Work order =
The expected output is every line of the data exactly as shown, minus the images.

Exercise data =
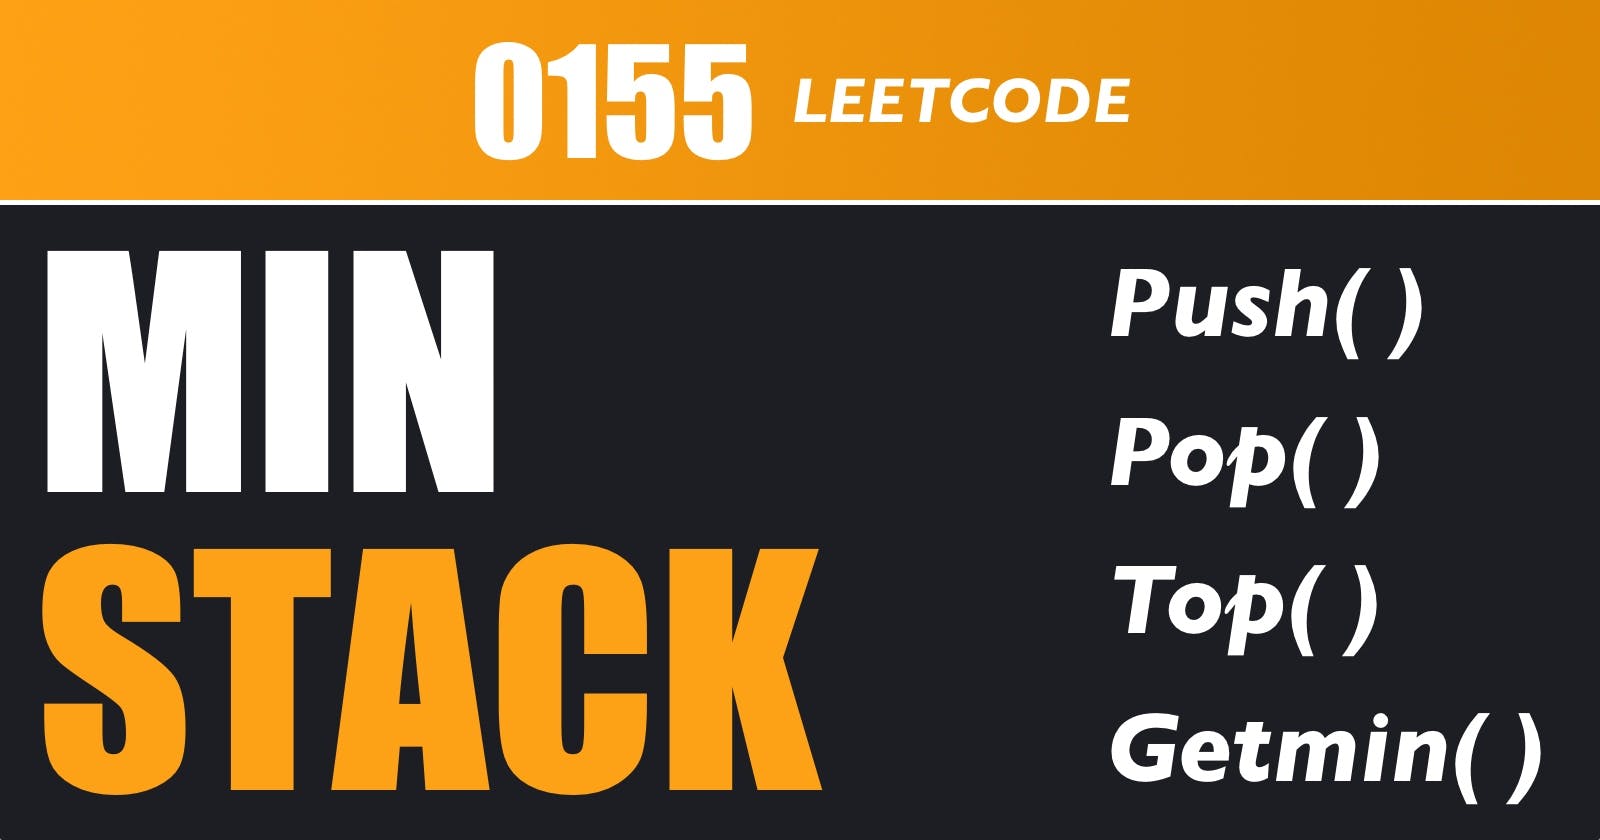 Min Stack - Leetcode 155
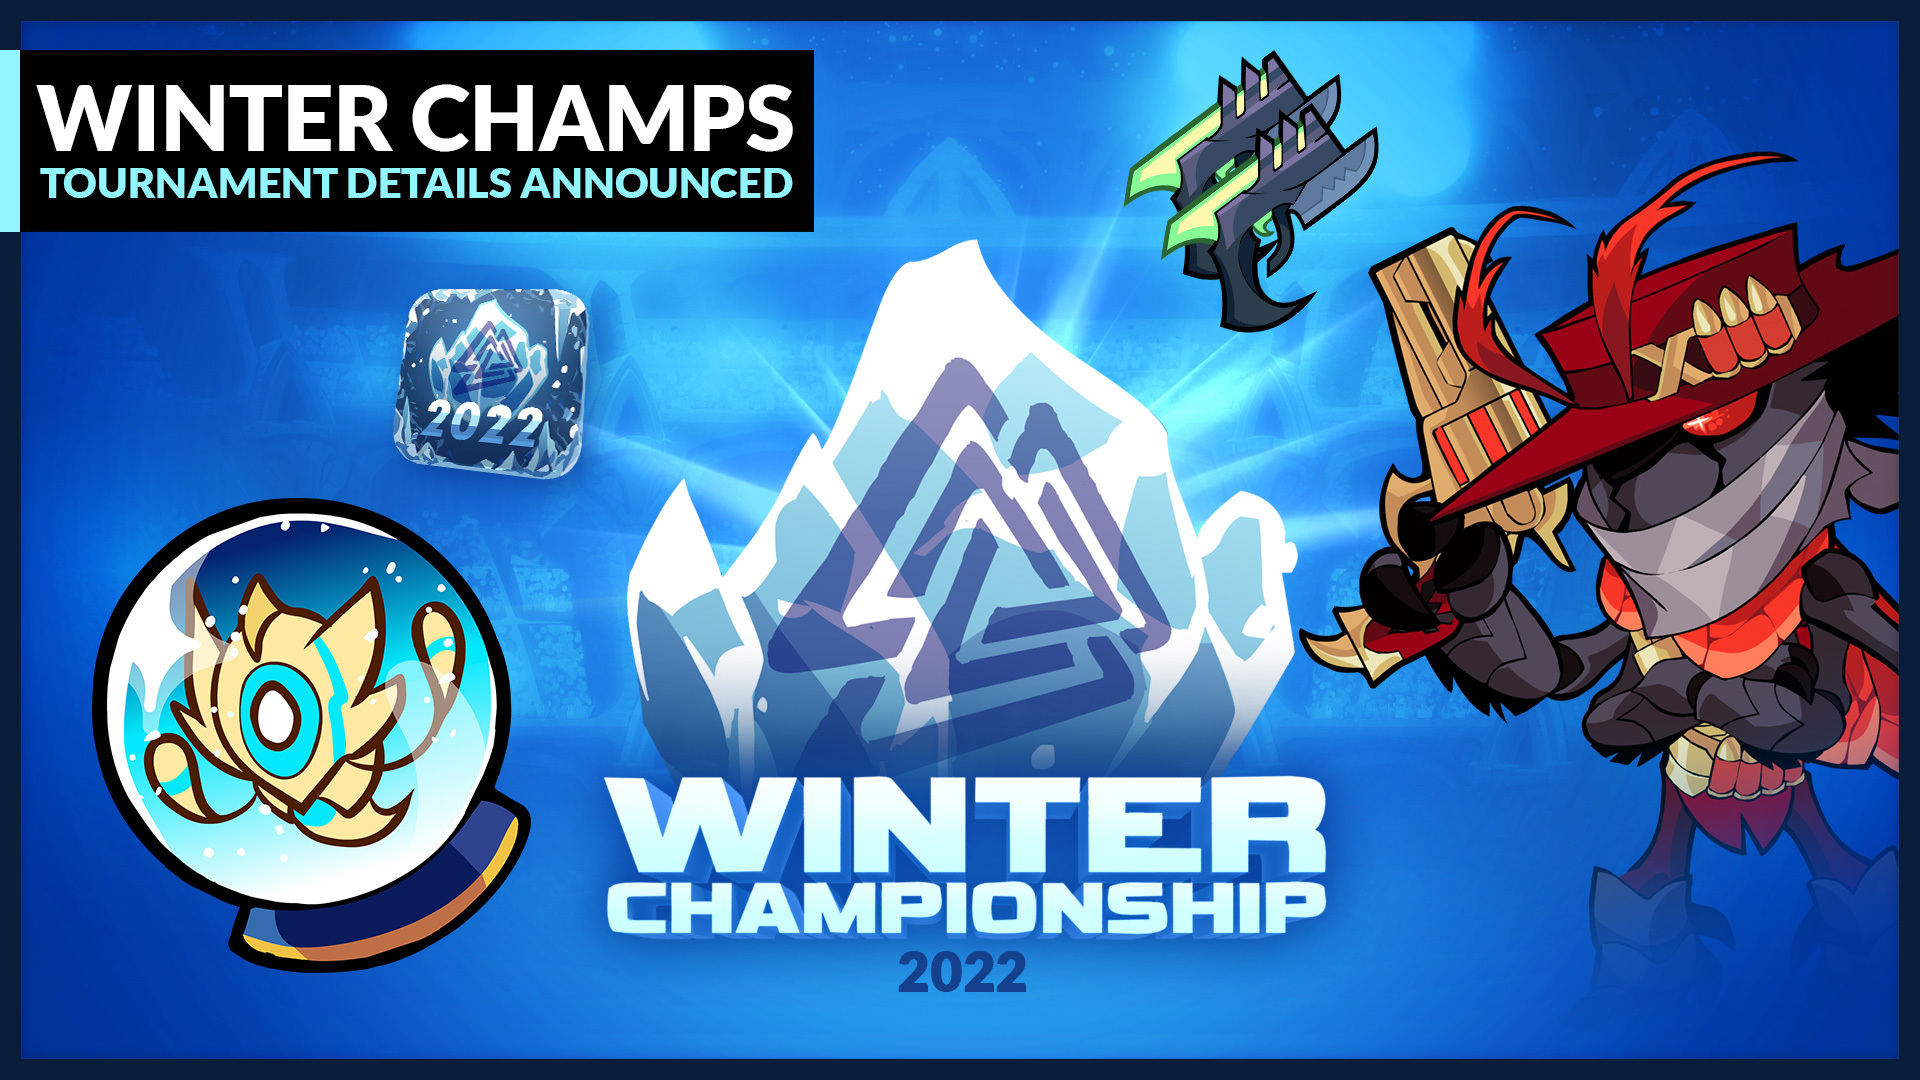 Register for the Brawlhalla Winter Championship 2022!
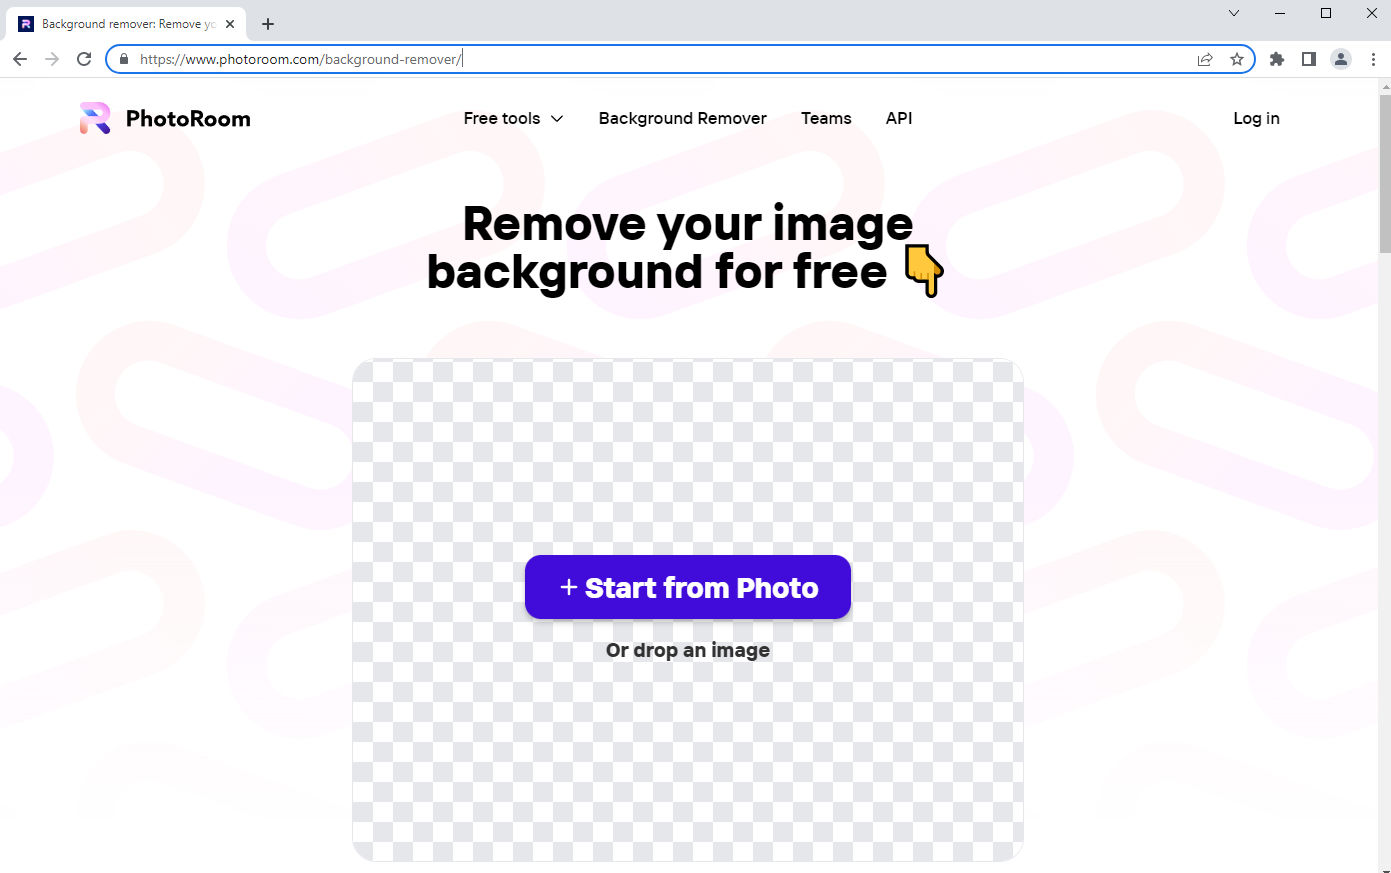 Go to PhotoRoom homepage
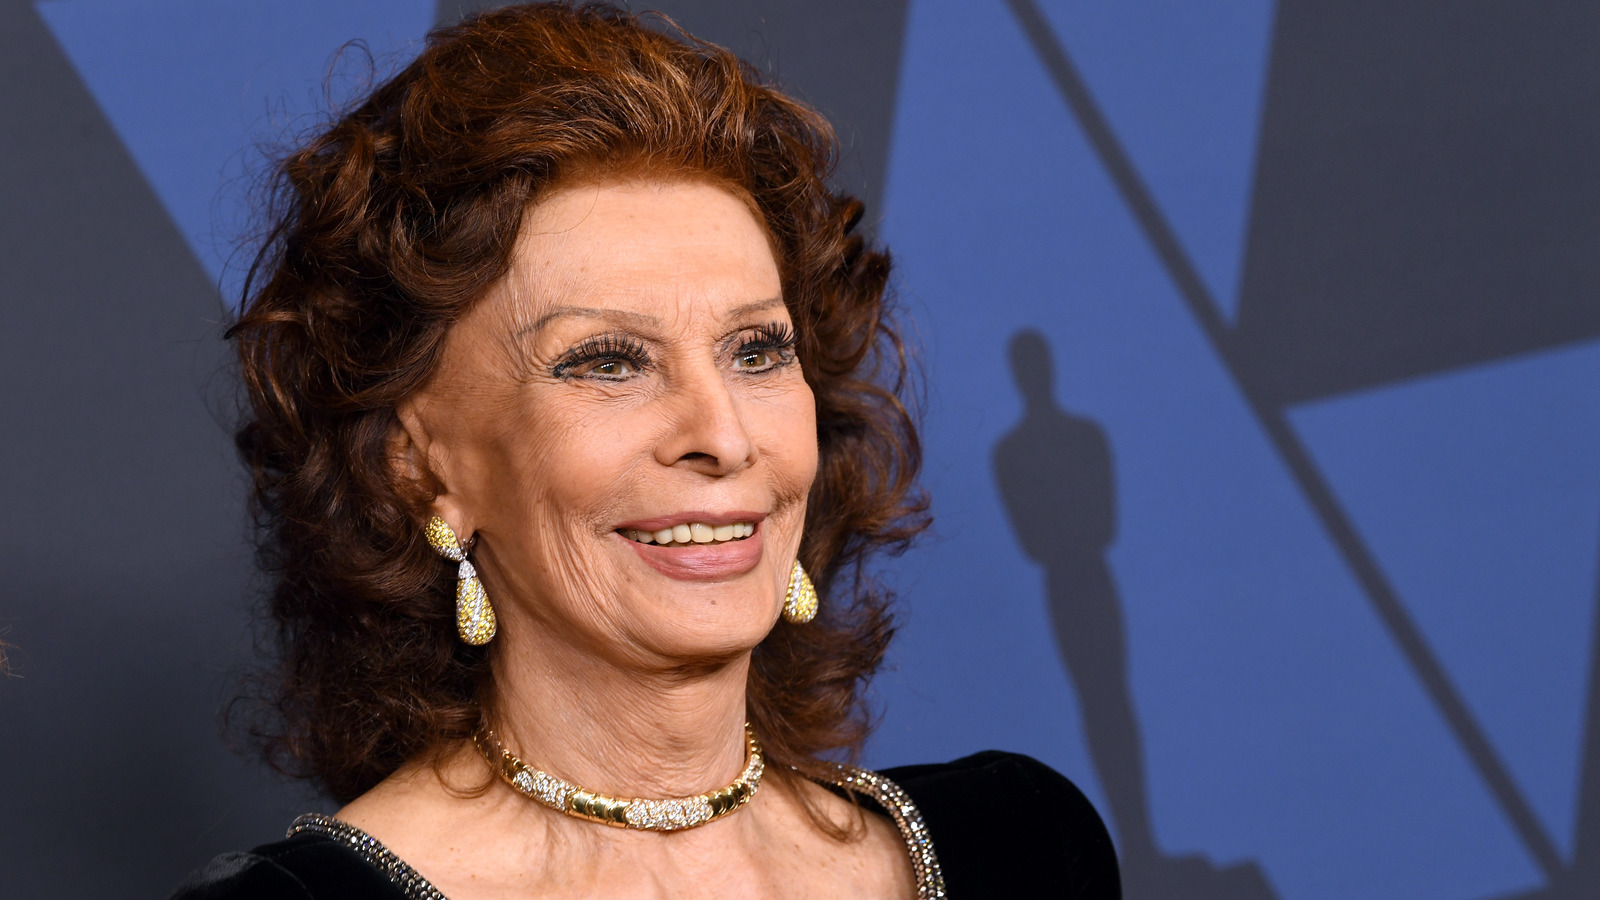 Sophia Loren reveals the secret to aging gracefully

Result of this task =
 Min Stack - Leetcode 155
 Register for the Brawlhalla Winter Championship 2022!
 Go to PhotoRoom homepage
 Sophia Loren reveals the secret to aging gracefully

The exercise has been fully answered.